The same paracentric inversion as in LG8 was also seen in LG7, which is the other syntenic copy of sorghum chromosome 4, although this copy did not fuse with chromosome 7 (Figure 4 and Figure 5A). Further comparative analyses involving sorghum, maize, rice, B. distachyon and switchgrass indicated that the paracentric inversion between the sorghum chromosome 4 and the M. sinensis syntenic linkages (LG7 and LG8) occurred in sorghum, not in M. sinensis, because the same paracentric inversion was also observed when sorghum was compared to switchgrass, maize and rice, and also was partially seen when compared to B. distachyon (Figure 5C). Comparative analysis also indicated that every linkage of M. sinensis has markers unmapped to sorghum, or mapped to non-syntenic chromosomes of sorghum (Table 1 and Figure 4) as a result of evolutionary changes, including transpositions.
It is evident that the diploid M. sinensis has a tetraploid genome structure that consists of two sub-genomes, each syntenic to the entire sorghum genome, with a few major structural rearrangements of the chromosomes. Therefore, the M. sinensis linkages were named from LG1 to LG19 according to the synteny and chromosome order of the 10 sorghum chromosomes (Table 1 and Figure 4).
Discussion
M. sinensis has a large genome that is close to the size of the maize genome and, as we discovered, also has genome-wide duplication. Repeats in genomes complicate interpretation of the segregation of genetic markers and make the search for informative SNPs particularly challenging. GBS permits simultaneous genotyping and marker discovery, allowing large-scale genotyping to be done without prior marker development [1], [2], [30], [31].

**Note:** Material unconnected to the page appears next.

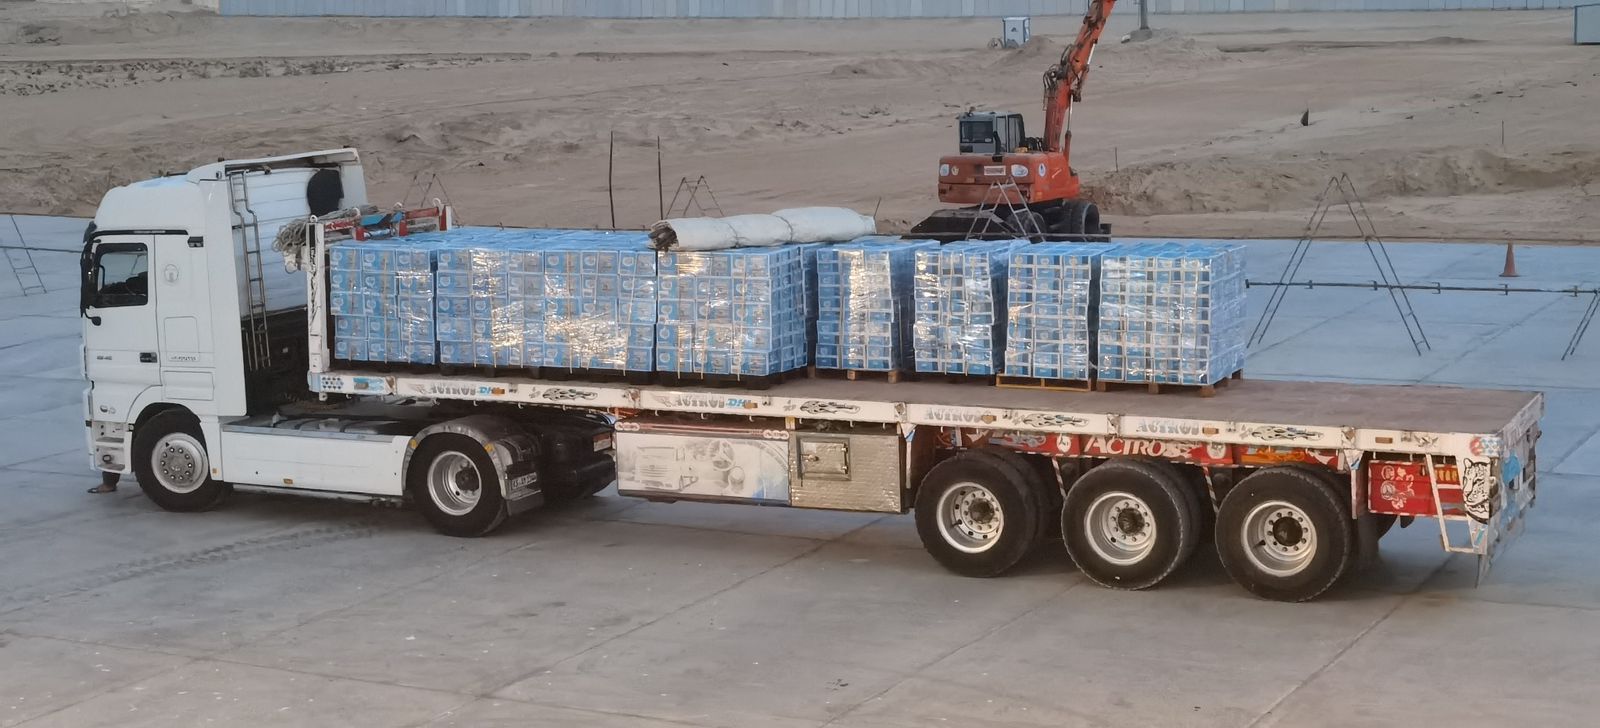 TNI-AL mengimkan bantuan dari air minum minerale untuk Palestina (Ashar/SinPo.id)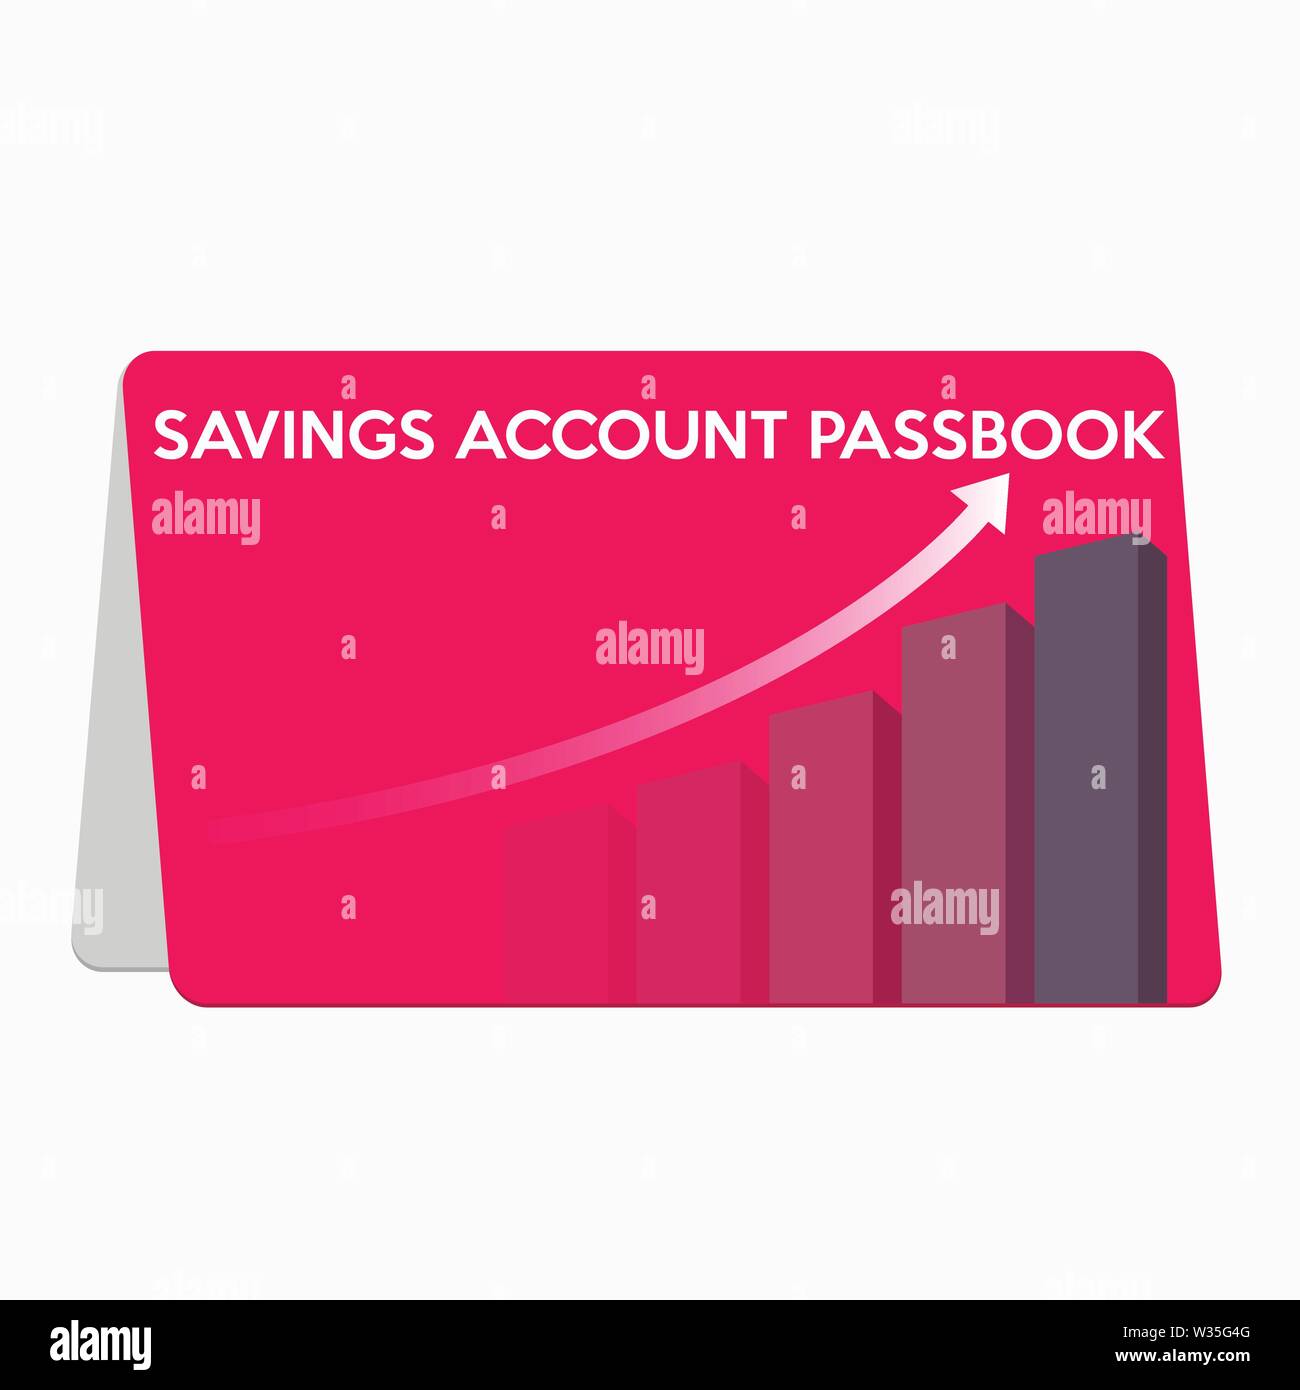 Saving account passbook flat design Stock Vector

Using a subset of the discovered SNP markers, a high-density composite linkage map covering all 19 linkage groups was constructed for the first time for M. sinensis, and also for the Miscanthus genus. Accuracy of marker placements in the linkage groups has been carefully tested in multiple ways in the present work.
First, linkage analyses were done for each parent separately. Two parental maps, each containing 19 linkage groups, were created in advance and inspected for discrepancies. Comparison of the parental framework maps showed collinearity between common markers of all 19 linkage groups, suggesting identical chromosomal structure in both parents.
Second, the composite map was built independently by “simultaneous analysis” of markers that were used in the parental maps, rather than by merging the two maps by “map integration” process. An advantage of simultaneous analysis is that markers can be selected using segregation information, producing an initial framework map free of any segregation distorted makers. In addition, linkage maps obtained by simultaneous analysis can be visually inspected through graphical genotyping of the mapping codes in JoinMap.
Third, the composite map was inspected by comparison to the framework map and the two parental maps. In addition, due to uncertainties resulting from missing values or potential errors in SNP calling for reads from duplicated DNA sequences, markers were removed from mapping if they gave ambiguous positions between different mapping analyses. The use of CheckMatrix to inspect marker ordering through graphical genotyping provided effective feedback to validate the linkage analyses of JoinMap. Overall results suggested correct linkage grouping and ordering of the markers in the composite map.
The linkage length and number of markers of the M. sinensis genetic map varied greatly among different linkages. The eight linkages (LG1 to LG8) that were syntenic to sorghum chromosomes 1, 2, 3 and 4 generally contained more markers and also longer linkages (in cM) than other linkage groups (Table 1). A similar marker distribution was observed in the switchgrass genetic map where the first eight linkage groups (1A, 1B to 4A and 4B), syntenic to sorghum chromosomes 1–4, were also larger than other chromosome linkages [34]. The M. sinensis and switchgrass genetic maps also share other common features. For example, the two M. sinensis linkages (LG9 and LG10) syntenic to sorghum chromosome 5 contain the least markers and the lowest percentages (<30%) of markers that map to sorghum, however markers which mapped to other linkages exhibit much higher percentages (60% on average) of sorghum syntenic alignments (Table 1), again, similar to when the switchgrass genetic map was aligned to sorghum. The data also suggest that linkages syntenic to sorghum chromosome 5 have encountered more evolutionary changes than other chromosomes after the species diverged from each other. A similar result was recently documented in maize, of which the two ancestral maize chromosomes orthologous to sorghum chromosome 5 retain the smallest number of syntenic orthologs to sorghum genes [35].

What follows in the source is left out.